Update : May 19, 2014
[Tokyo Stock Exchange, Inc.]
TSE has imposed a listing agreement violation penalty and requested an Improvement Report as follows.
|1. Company Name||
Japan Asset Marketing Co., Ltd.
(Code: 8922, Market Division: Mothers)
|2. Listing Agreement Violation Penalty Total||JPY 10 million|
Securities Listing Regulations, Rule 509, Paragraph 1, Item 1
(Due to falling under a case where TSE deems that the listed company has been in violation of the matters to be observed when conducting disclosure and that such listed company has undermined shareholder and investor confidence in the TSE market)
|3. Improvement Report Submission Deadline||May 29, 2014 (Thu.)|
Securities Listing Regulations, Rule 502, Paragraph 1, Item 1
(Due to improvements being deemed highly necessary in cases where TSE has recognized a violation of the matters to be observed when conducting disclosure)
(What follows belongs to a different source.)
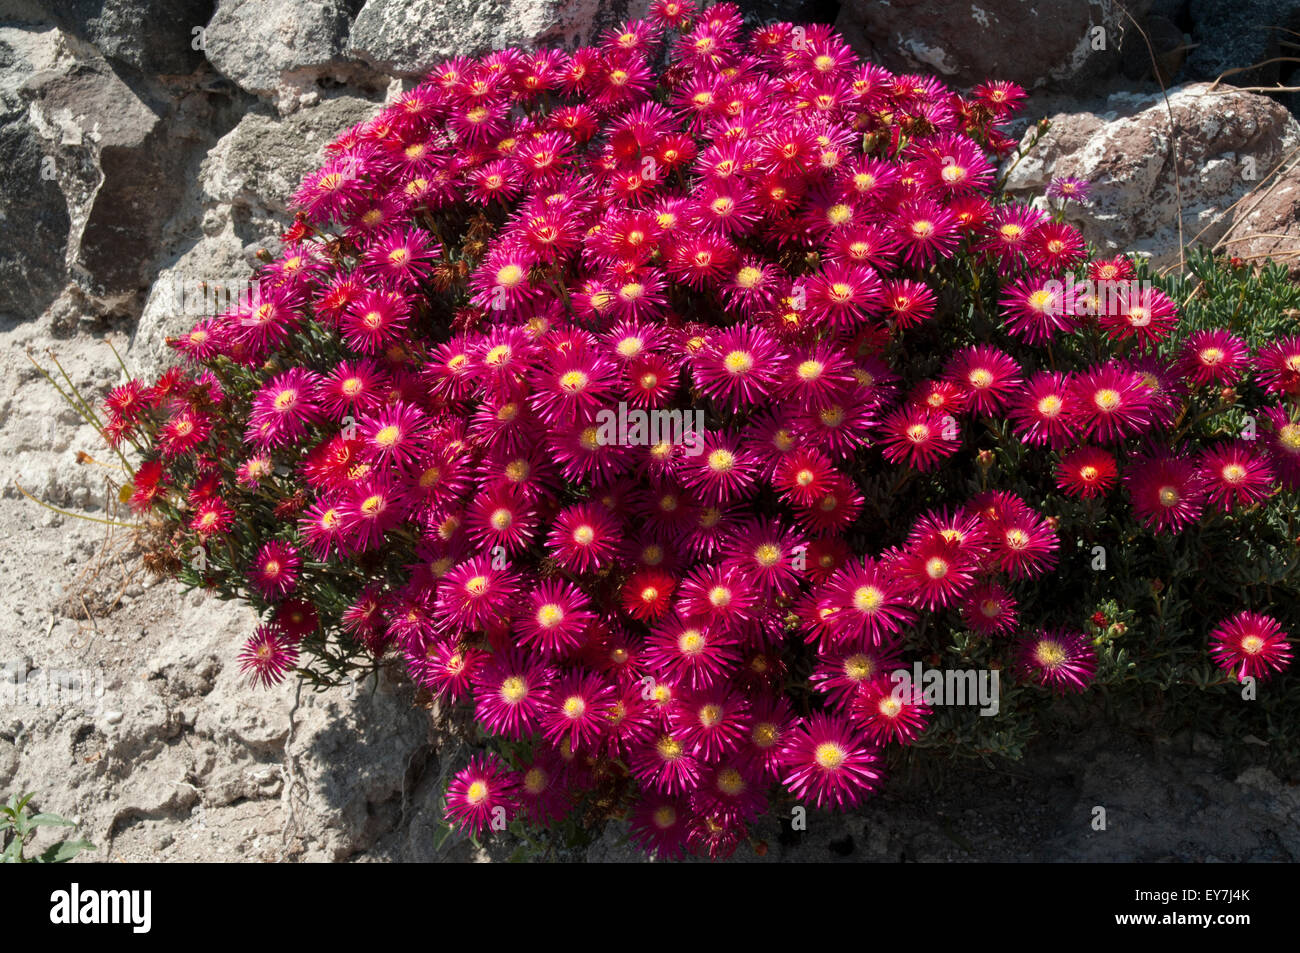 Pink Carpet flowering on the Santorini Island in the Aegean Sea.  Die Rote Mittagsblume blüht auf Santorini in der Ägäis. Stock Photo
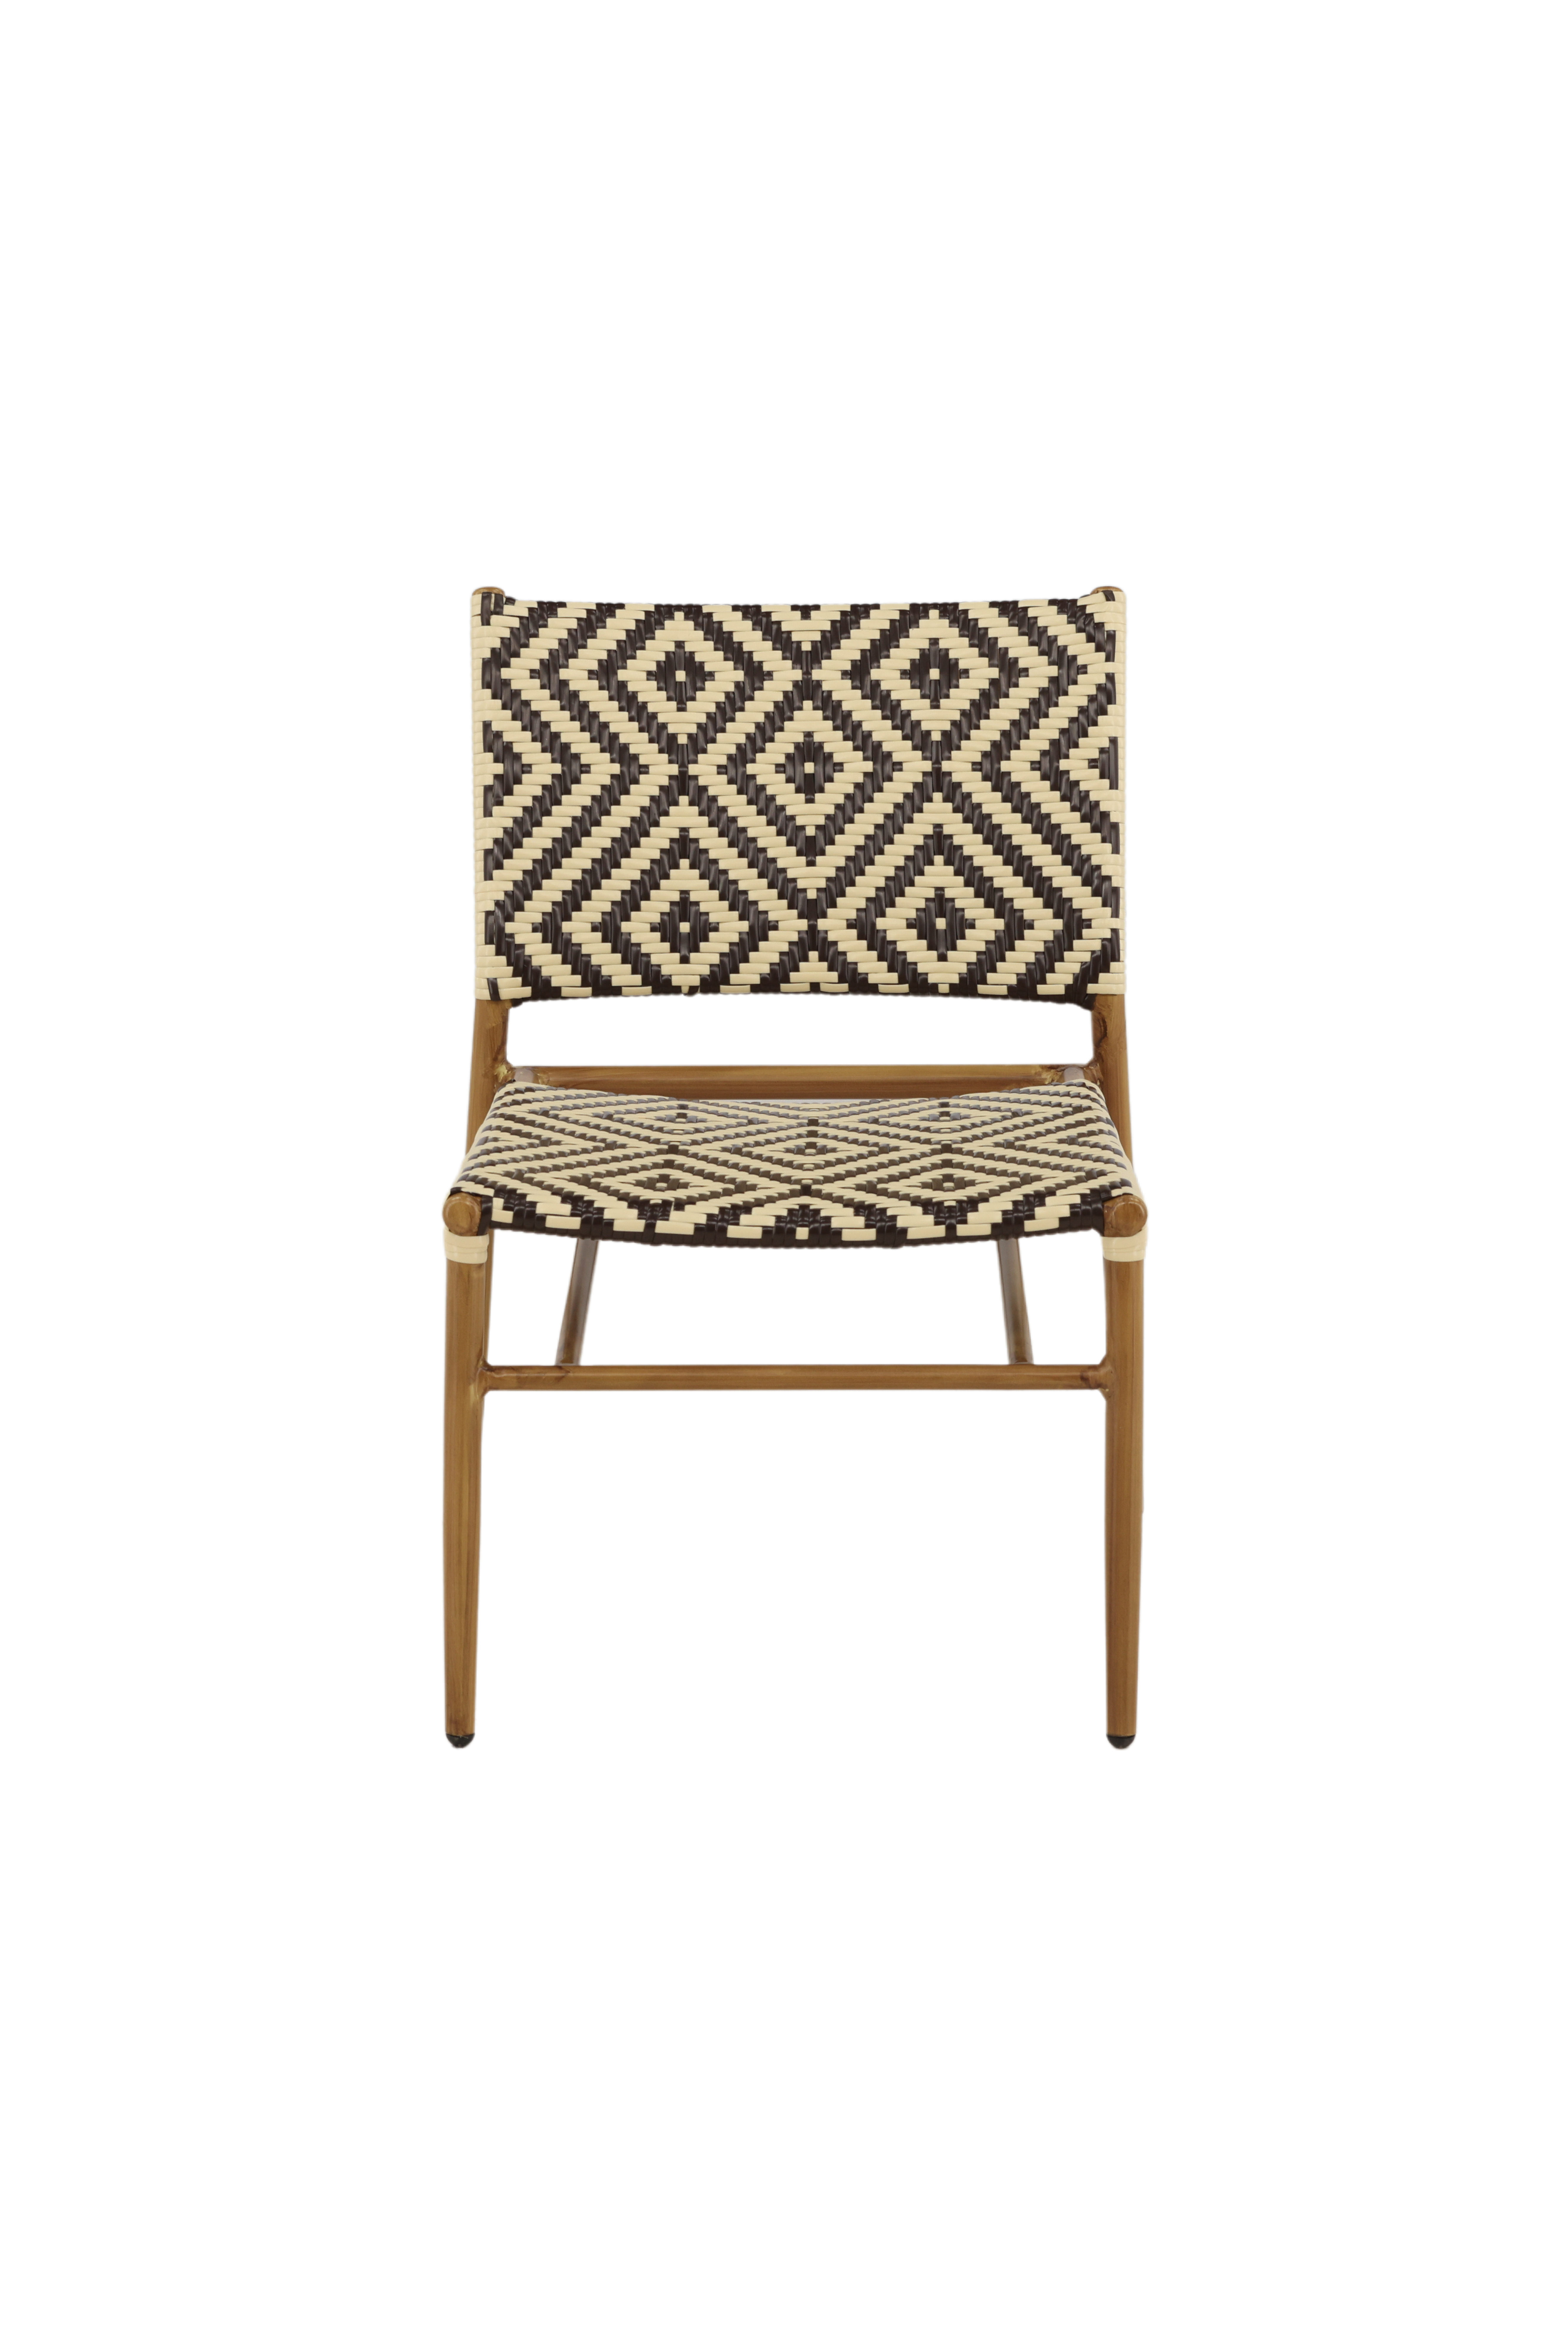 10: VENTURE DESIGN Calapan udendørs loungestol - beige/brun polyrattan og natur aluminium

Japan Asset Marketing Co., Ltd. (hereinafter "the Company") disclosed an investigative report of a third party committee regarding inappropriate accounting processing and an outline of amended earnings reports on Mar. 28, 2014, and subsequently disclosed amended earnings reports for the previous fiscal years on Apr. 24, 2014.
These disclosures revealed that in software sales for JPY 40 million conducted immediately prior to the end of the fiscal year, an intermediary pertaining to such sales did not substantially provide services and the majority of the JPY 20 million in fees the Company paid to the intermediary from the sales proceeds was returned on the same day to the buyer, leading to excessive accounting of sales. The Company's consolidated sales for the fiscal year ended Mar. 2012 fell below JPY 100 million, leading to the possibility of the Company falling under the Mothers delisting criterion for sales. It has become clear that the Company's consolidated sales for the fiscal year ended Mar. 2012 were JPY 83 million, and not JPY 103 million.
It has been deemed that, under the weak business management framework of the Company, the then representative director held excessive authority and performed the above actions to maintain the Company's listing despite the possibility that such director was plainly aware that the accounting practices were improper, and that such director was severely lacking in awareness of compliance. Furthermore, contracts with new parties were not subject to an approval process in the company's rules at the time, and no decision or report was made in a significant meeting regarding the matter. Additionally, statutory and internal auditing did not function sufficiently.
Following a capital/business partnership the Company entered into with another company in Mar. 2013, all directors at the time resigned, a large number of employees were added, and the business of the Company changed significantly.
Taking these facts into comprehensive consideration, it has been deemed that the Company conducted improper disclosure resulting in it falling under the delisting criteria due to insufficiencies in the Company's disclosure framework. The timely disclosure framework of the Company is deemed to be in high need of improvement. As such, TSE has determined it is appropriate for the Company to submit a report containing the background of the matter and improvement measures, and subject such report to public inspection.
Additionally, even though the then representative director performed this action to maintain the Company's listing despite the possibility that such director was plainly aware of the improper recording of sales, and the scale of this amendment is limited, because the amendment resulted in the Company falling under the delisting criteria in the fiscal year ended Mar. 2012, which TSE deems to have harmed investor confidence in the exchange market, TSE shall also impose a listing agreement violation penalty on the Company.